Thursday, October 5, 2017

Murmuration in the Park

      A group of starlings is a murmuration. Murmurations flow and swoop in aerial dances, individual birds communicating by anticipation, like a line of chorus girls, each knowing when to lift her leg at the precise rhythmical moment. Dancers of all traditions communicate in the same way. Whales in pods communicate.
     With that inspiration, a performance troupe called Lelavision (my son and daughter-in-law, Ela and Leah) created Interspecies Communication, both a sculpture, conceived and built by Ela, of a starling with movable wings, flying over a truck-bed whale, and a community event, a gathering of dancers and musicians of many traditions, conceived and organized by Leah. This murmuration took place in Duwamish Waterway Park in Seattle last weekend, and I wouldn't have missed it for the world.
      I arrived the day before the event to help assemble the sculpture, which had been packed in pieces onto a Mitsubishi flatbed for travel. It was after dark when the forklift raised the bird, with its sixty-foot wingspan, into the air and lowered it carefully atop the thirty-foot poles bolted to the truck at the back of the cab.

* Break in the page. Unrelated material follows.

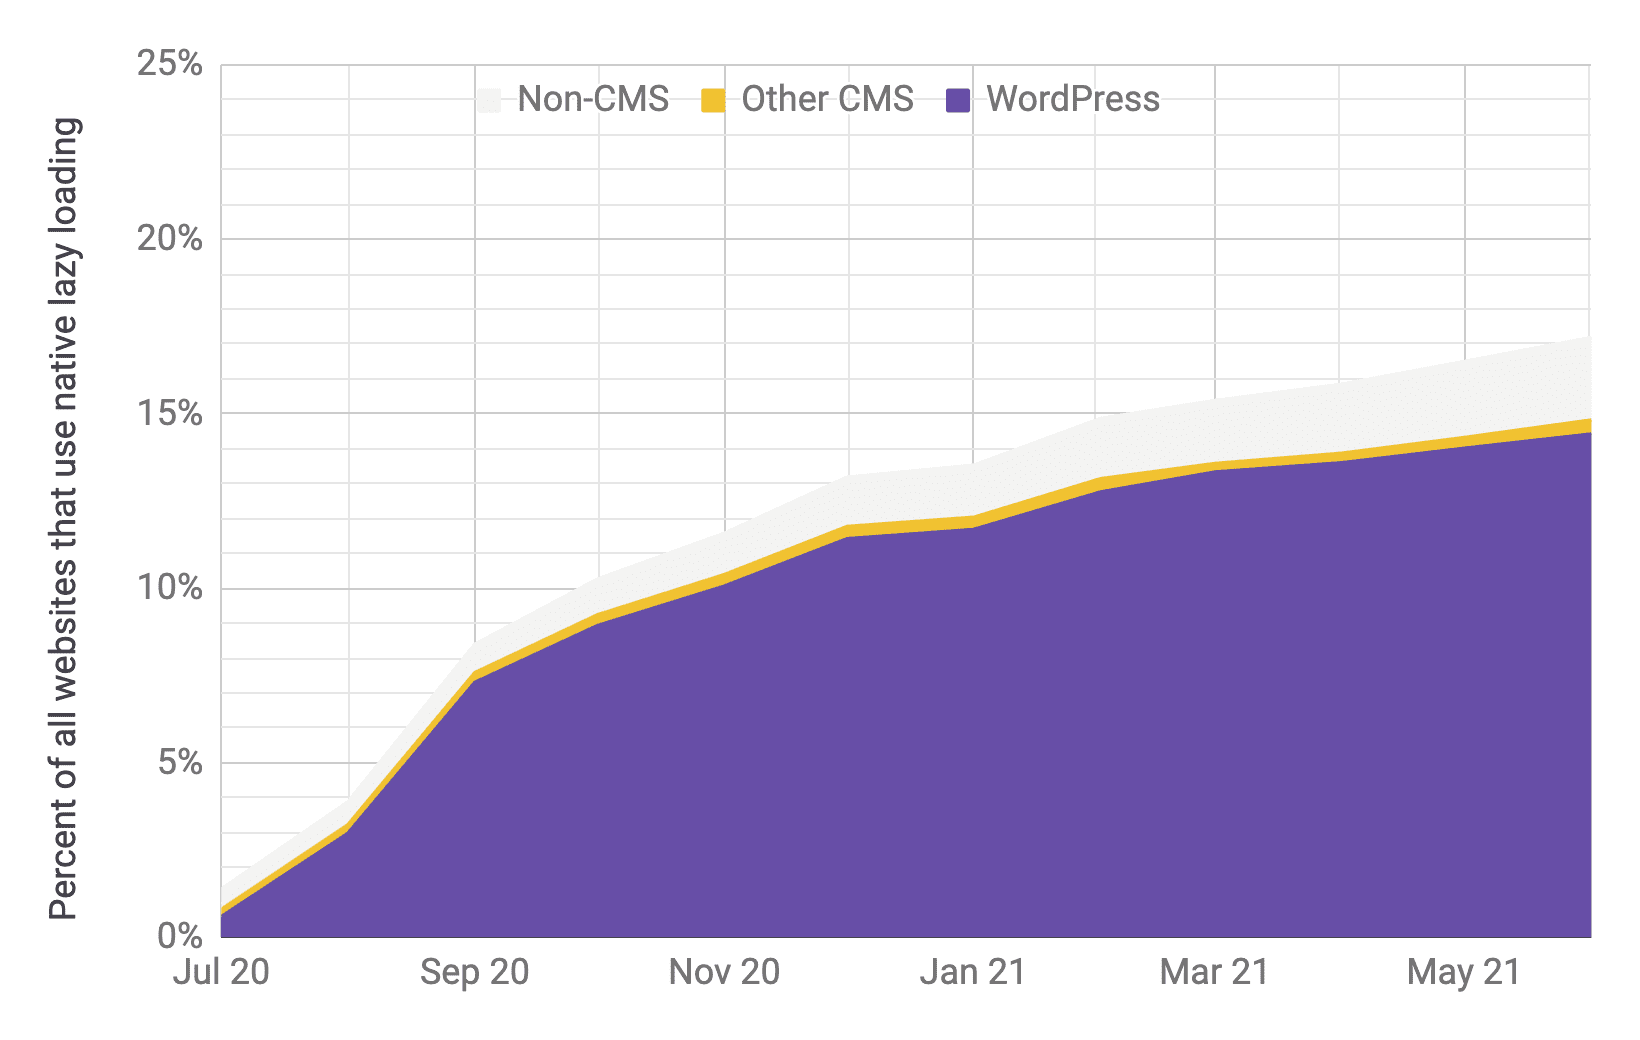 लेज़ी लोडिंग का इस्तेमाल करने का टाइम सीरीज़ चार्ट. इसमें, दूसरे सीएमएस और बिना सीएमएस की तुलना में, मुख्य तौर पर WordPress को इस्तेमाल किया जा रहा है. यह पिछले चार्ट से मिलते-जुलते अनुपात में है. चार्ट में बताया गया है कि जुलाई 2020 से जून 2021 के बीच, इस दर में तेज़ी से 1% से 17% की बढ़ोतरी हुई.

It glowed and glittered in the floodlights, its two hundred smaller birds, lined up in the open-frame wings, twirling and twinkling in the wind.
       The next day the whale was assembled over the truck (head on the cab; tail drooped down the back end),
and at 3:00 two men from a yoga institute in Seattle, one dressed in white with a tall white turban, started the event with a gong and a drum.
Then the president of the Duwamish tribe, on whose land the park had been established, accepted tributes. After that the murmuration swirled and swooped: an Indian mudra dancer in bright fluttery scarves and skirt; dancers of the Japanese Butoh, in white-face make-up, black pants, and white tunics;
a gaggle of children dancing with miniature movable-wing bird sculptures they had made; a large black woman in a high black turban drumming and singing for the Interplay dancers (one of whom danced in bright yellow rubber boots). The dancers were on the grass, the musicians on the back of the whale, the audience facing the river and a swoop of crows over the Seattle city-scape beyond it. Above everything rose the sculpture with the bird's long beak pointing into the distance and the smaller birds in its wide-spread scalloped wings whirling and twinkling against the black clouds that threatened but never produced rain.
        Then Ela, on the stage, started playing his smaller sculpture-instruments, recording their music in a feed-back loop. Behind him Leah pulled a strap hanging from the body of the bird, down and up, making the bird’s wings wave. As the music swelled orchestrally and the bird flew gracefully thirty feet overhead, Leah, dancer and aerial artist, pulled herself into the strap, letting her acrobatics and rhythmical movements keep the bird flying, wingbeat by wingbeat.
Somersault by arabesque she hoisted herself higher and higher until she was just under the body of the bird. Ela left the music to loop along by itself and climbed onto the top of the whale’s head. Muscularly, he and Leah pulled themselves into the open framework of the bird.
They lay down in the body, their arms outstretched like wings. Because they were in the sky and the bird's wings were flowing, the impression, movement by movement, was that the dancers, too, were flying: dancers, bird, whale, and audience in an interspecies communication. Finally the dancers stood upright in the body of the bird,
their arms straight overhead, flying over the trees, through the sky, and on to unknown heavens, their silver-gray and sequined outfits sparkling like the inset twirling birds against the dramatically dark sky.
         Back on the ground, Leah led us all in a communal dance: “Walk. Come on. Everyone can walk. Run. Spin,” and so on, until most of the audience was running and spinning and dancing. Then she had us join hands and led us in a spiral, into the center and back out to a circle. 
        After more dances, and recitations by Seattle's poetry-slam winner, and fabulous nonsense-word singing by a Seattle artist, Ela invited the audience-participants – anyone who wanted to – to climb up the whale-tail ramp and pull the strap to send the bird a-flying. It was surprisingly easy to do. Little children, hardly tall enough to reach the strap, could pull it.
The trick was to listen to the bird's communication of movement, to find its graceful, meditative rhythm – the pull-and-let-go, the beat of the twinkling wings. 
       As twilight darkened into night, we ate grilled hot dogs and continued the murmuration in smaller groups. Green and purple lights came on the sculpture. The wings twinkled with subtle color, no less aerial than those of the planes flying over our heads to a landing at SeaTac airport.
       The next day we disassembled everything, loaded the bird and the whale onto the truck,
and Ela drove it all home to await the next murmuration in some other city at some other time. If it comers near you, don't miss it.